妻曰く

プロジェクトマネージャーの妻による育児対応を巡る夫の記録

「育児神話」にとらわれない妻の思考パターン

目を合わせないと人の気持ちがわからない子になる?

「ミルクをあげるとき目をちゃんと合わさないと、 人の気持ちがわからない子になりますよ」 。息子が生まれて1週間ほどしか経っていないころ、妻は小児科医からこう言われたそうだ。

f:id:tnkdad:20190418003203p:plain帝王切開直後で家族の手助けも全くなかったため、産後ケアを受けていたときだった。ヘトヘトになって自分のご飯を食べていた。

妻は「そもそも目がまだ開いていないし、視力もついていない赤ちゃんと目を合わせるってどういうこと?」「赤ちゃんは顔の向きくらいは把握できるってこと?」と疑問を抱いたそうだ。

確かに夫からみても、言われてみればどういうことなのかわからない。考え始めるといろいろ疑問はでてくる。ミルクをあげながら目を合わせるのが、どういうプロセス、論理で人の気持ちがわかるようになるのに役立つのだろうか。もっと突き詰めると、人の気持ちを推察したり、人をよく観察できるというならまだしも「気持ちをわかる」なんてことがあるのだろうか。

「育児神話」があふれている

妻は疑問が心に引っかかったまま、ほどなくして出産した病院の小児科医に「ミルクをあげるとき目をちゃんと合わさないと、 人の気持ちがわからない子になる」と言われことを伝えた。そこでは「そうは言っても、この月齢の赤ちゃんは一般的にまだ目があまり見えていないので、 目を合わせること自体が難しいかもしれません」とあっさりと言われたのだという。かかりつけの産婦人科医は「いまだにそういうこという医者がいるのか」という反応だったそうだ。

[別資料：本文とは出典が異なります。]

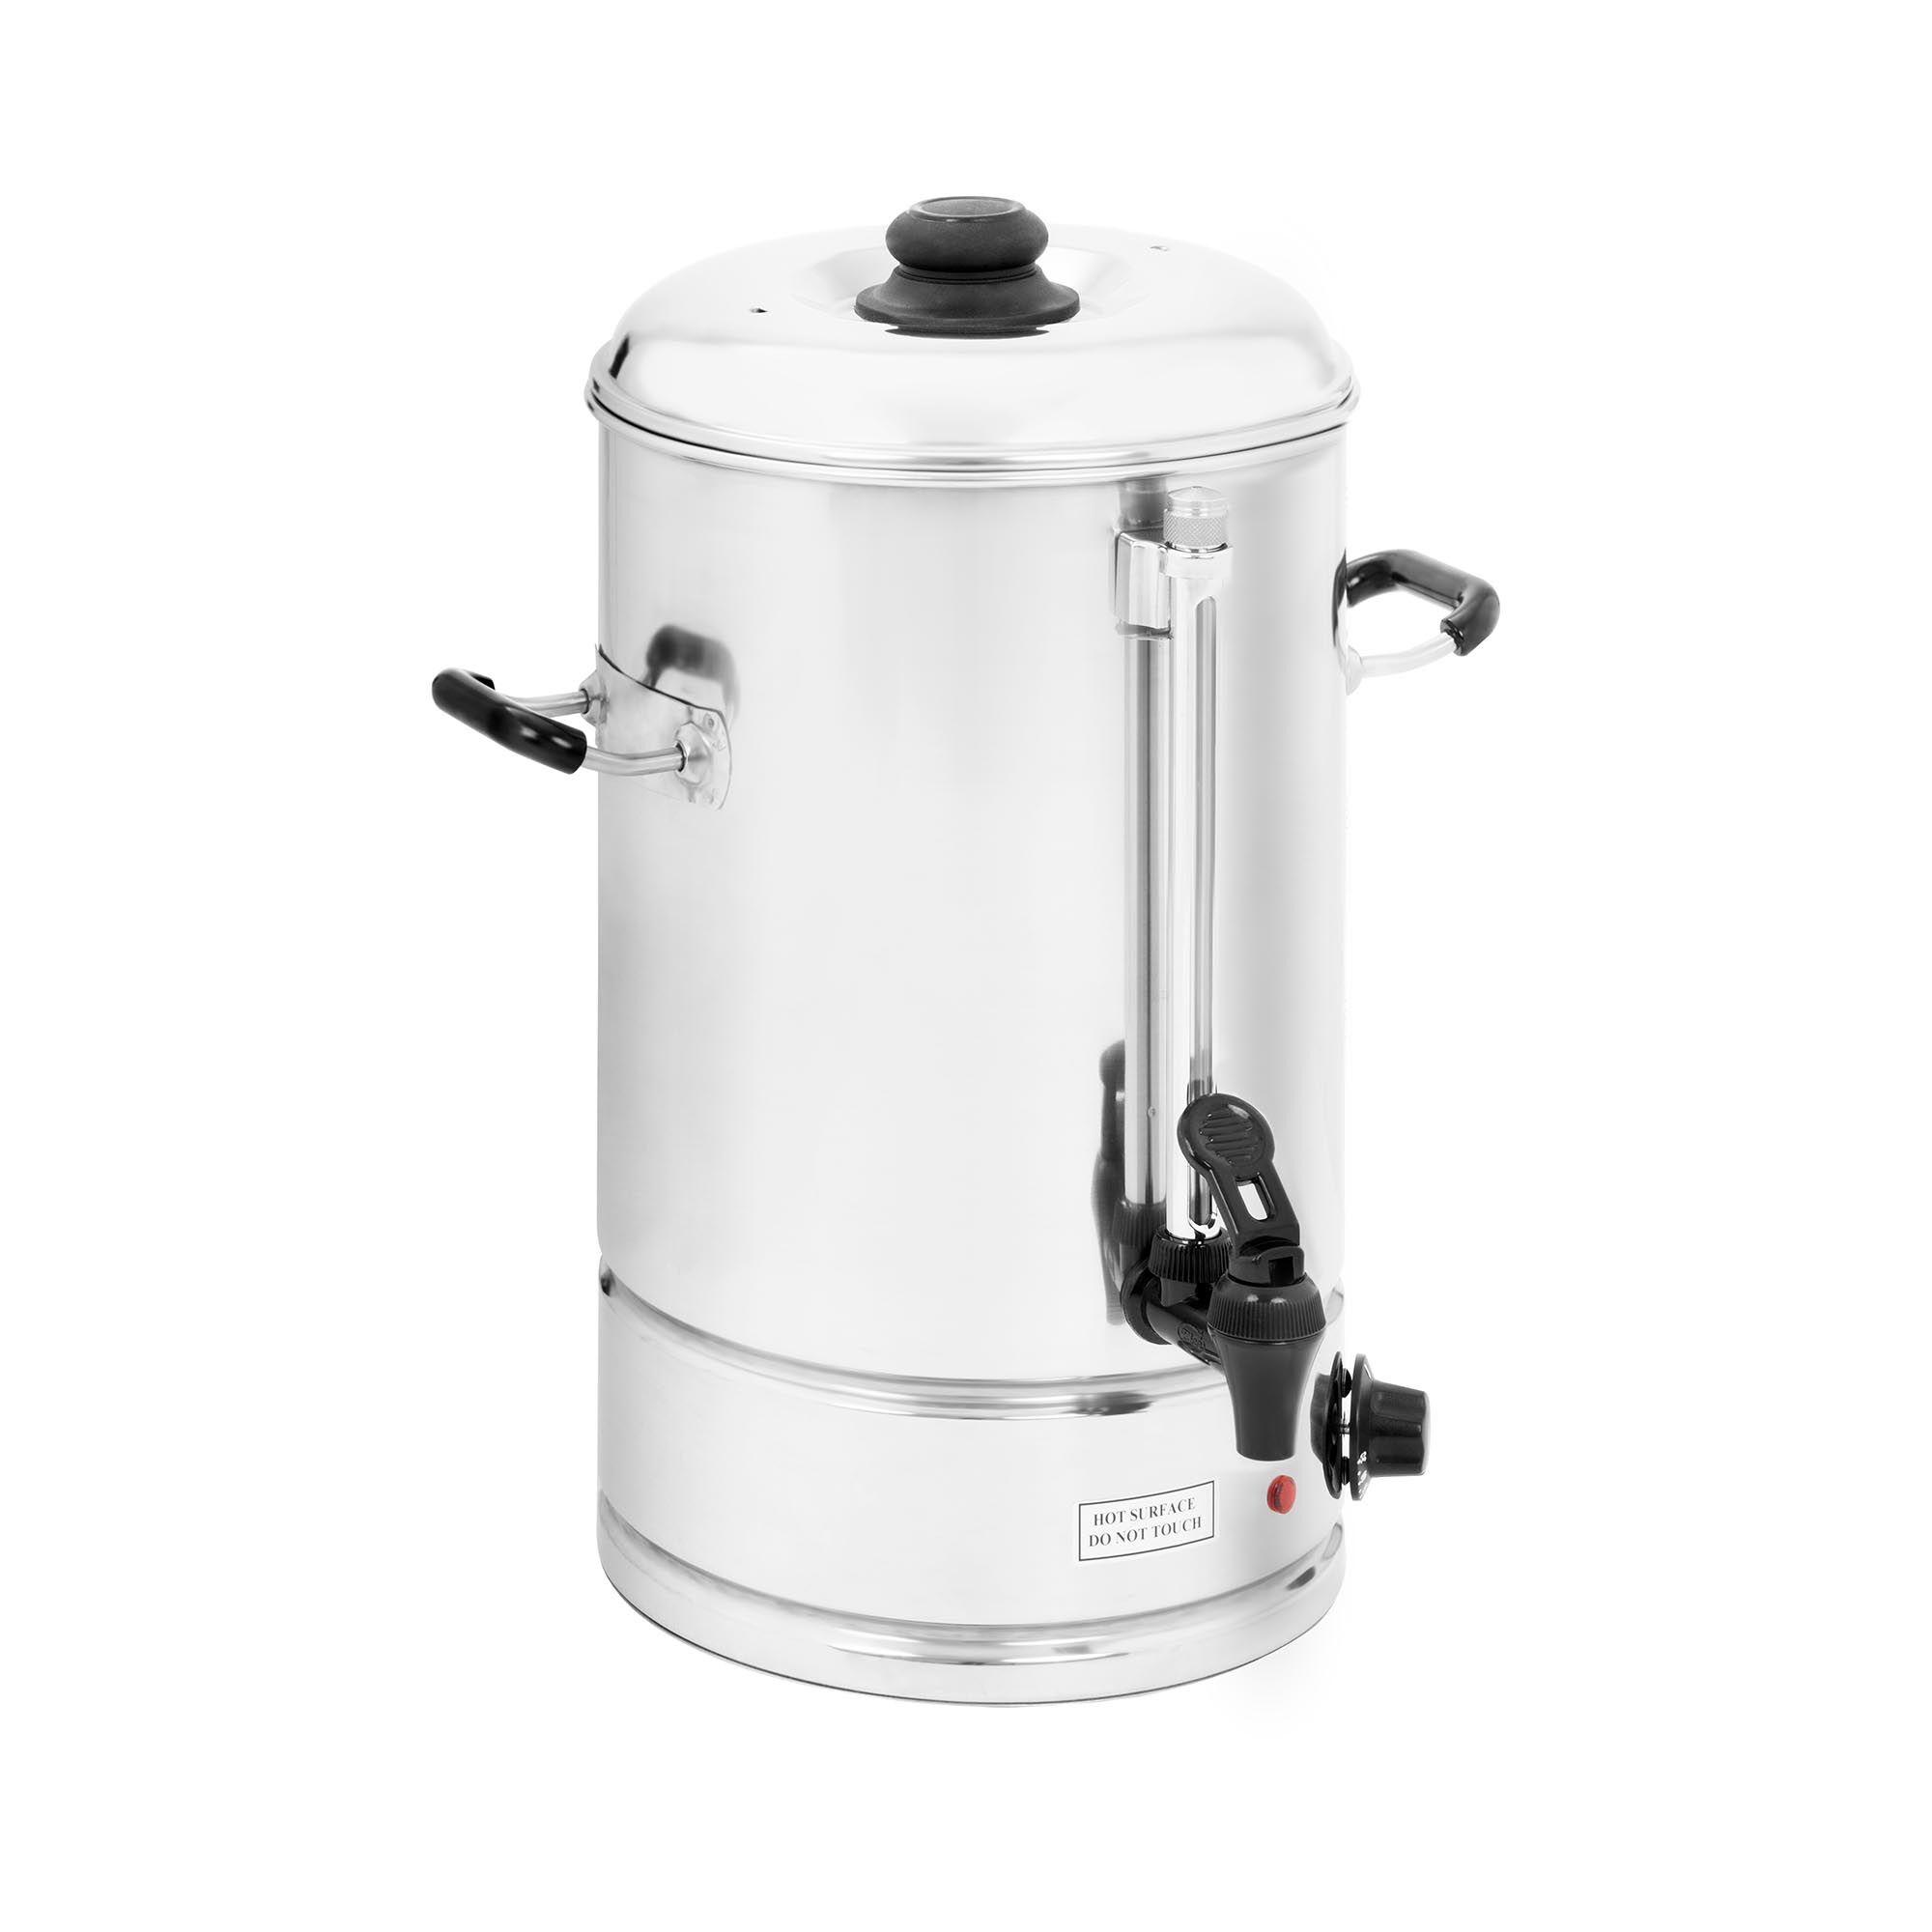 Royal Catering Distributeur d'eau chaude - 10 litres RCWK 10L.

妻曰く「根拠がよくわからない『育児神話』とでも言える話を頻繁に聞く」。夫である自分からみても確かにそう感じる。よくあるのは「お腹を痛めて産むから愛情が生まれる」「小さいのに保育園に預けるのはよくない」などだ。

余裕をなくしては元も子もない

息子を授かってから、育児にまつわる様々なアドバイスや情報に触れることが格段に多くなった。育児という共通のテーマで、様々な考え方や実践例を知ることができるのはとても刺激になる。自分たちに無い視点を得て、子育ての方法の幅を広げることもある。

一方で育児は「子どもがちゃんと育つようにするには・・・」という「べき論」が主張されがちだとも感じる。そしてその中には一見もっともらしいが客観性がなく、真偽が怪しい「育児神話」とも呼ぶべき情報に接することが少なからずある。息子のためにできることはしたいとの気持ちの一方で、そういう情報に惑わされて「こうしなきゃいけないのだろうか」などと義務感を感じすぎたり、余裕をなくしては元も子もない。

我が家ではジーナ式を取り入れたが、深夜授乳のときは目を合わさないようにとの説明がある。そもそも暗い中で授乳するように書かれている。息子は目を合わすのを試してみると、確かに興奮してしまうのか、はしゃぐ傾向があるようで、目を合わさないようにした。これも人の気持ちがわかるかどうかで考えると良くないとでもいうのだろうか。

目を合わせる意義も考えた

一方で妻は「目をみていたほうがいい場面もある」と話す。息子の目線で息子がなにに興味を持っているか目標物を知るときだ。例えば食器をみていたら、次に食器をひっくり返す可能性がある。これから行動力がついてくると、危険から守るために視線を追う意義は高まるだろう。

視力が伴っていない時期に言われても…との思いは拭えないが、もしかすると最初の小児科医の発言はこういう背景もあるのかもしれない。しかしそれならば、息子が人の気持ちがわからなくなると感覚的に危機感を煽るような言い方ではなく、目線を見る意義を論理的に言ったほうが伝わるのではないか。この一件では妻の根拠や論理性をまずみようとする思考パターンをみて、いろいろ考えさせられた。